Multi-Strategy AI Reasoning System implementing cutting-edge techniques from recent AI research papers. Built with Groq LLM, Tavily Search, and ChromaDB for production-ready AI agent capabilities.
| Feature | Description |
|---|---|
| 🔗 Chain-of-Thought | Step-by-step reasoning with self-consistency voting |
| 🌳 Tree-of-Thoughts | Multi-path exploration with beam search |
| ⚡ ReAct Agent | Reasoning + Acting with real web search |
| 👥 Multi-Agent | Planner → Worker → Critic collaboration |
| 🧠 LLM Auto-Classifier | Intelligent strategy routing based on task type |
| 🌐 Real Web Search | Tavily API integration for live information |
| 💾 Vector Memory | ChromaDB for persistent knowledge storage |
| 🛡️ Rate Limiting | API protection (10/min, 100/day per user) |
| 🌊 Streaming | Real-time response streaming |
Try it now: https://huggingface.co/spaces/SaiTejaSrivilli/ai-agent-system
┌─────────────────────────────────────────────────────────────┐
│ User Input │
└─────────────────────────┬───────────────────────────────────┘
│
▼
┌─────────────────────────────────────────────────────────────┐
│ 🧠 LLM-Based Auto-Classifier │
│ (Intelligent routing based on task analysis) │
└─────────────────────────┬───────────────────────────────────┘
│
┌───────────────┼───────────────┬───────────────┐
▼ ▼ ▼ ▼
┌─────────────┐ ┌─────────────┐ ┌─────────────┐ ┌─────────────┐
│ Chain-of │ │ Tree-of │ │ ReAct │ │ Multi- │
│ Thought │ │ Thoughts │ │ Agent │ │ Agent │
│ │ │ │ │ │ │ │
│ • 3 paths │ │ • Beam=3 │ │ • Search │ │ • Planner │
│ • Voting │ │ • Depth=3 │ │ • Memory │ │ • Worker │
│ • Consensus │ │ • Scoring │ │ • Tools │ │ • Critic │
└─────────────┘ └─────────────┘ └─────────────┘ └─────────────┘
│ │ │ │
└───────────────┴───────────────┴───────────────┘
│
▼
┌─────────────────────────────────────────────────────────────┐
│ 📤 Final Response │
│ (Answer + Metadata + Confidence) │
└─────────────────────────────────────────────────────────────┘
The system uses an LLM-based classifier (not keyword matching) to intelligently route queries:
def _classify(self, task: str) -> str:
"""LLM-based intelligent task classification."""
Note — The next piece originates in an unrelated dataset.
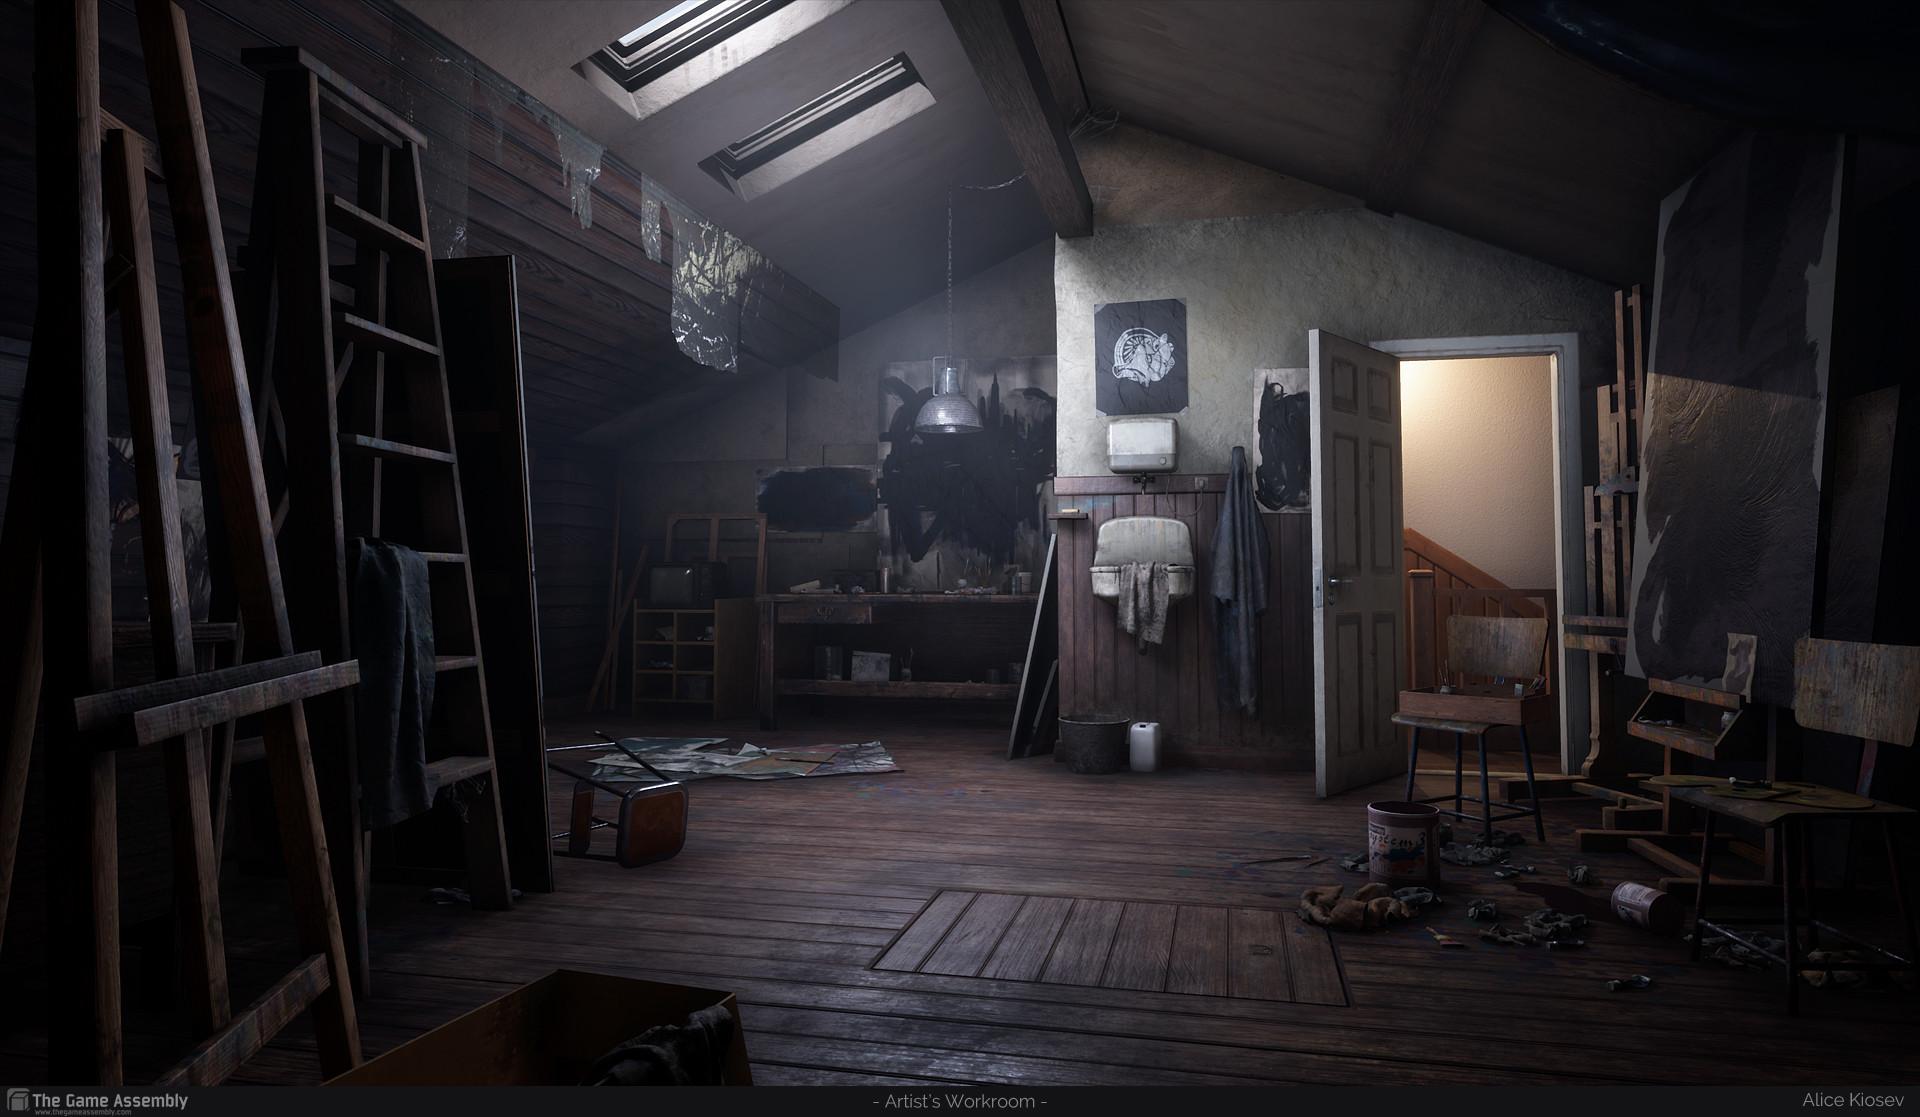 Alice kiosev alicekiosevstudio01

classify_prompt = f"""Classify this task into ONE category:
- cot: Math problems, calculations, logic puzzles
- tot: Creative tasks, design, brainstorming
- react: Research questions, factual queries, current events
- multi: Complex writing, essays, detailed analysis
Task: "{task}"
Category:"""
response = self.llm.generate(classify_prompt, temperature=0.1)
# Returns: cot, tot, react, or multi| Query | Strategy | Reason |
|---|---|---|
| "Calculate 15% tip on $85" | Chain-of-Thought | Math calculation |
| "Design a logo for a coffee shop" | Tree-of-Thoughts | Creative task |
| "What are the latest AI developments?" | ReAct Agent | Research/current events |
| "Write an analysis of remote work" | Multi-Agent | Complex writing task |
| "Explain quantum computing" | ReAct Agent | Factual explanation |
| "Create a marketing strategy" | Multi-Agent | Complex planning |
# Generates 3 independent reasoning paths
# Uses majority voting for final answer
# Smart answer extraction with money detection ($5 not just 5)
Example Output:
- Path 1: "$5" (via step-by-step calculation)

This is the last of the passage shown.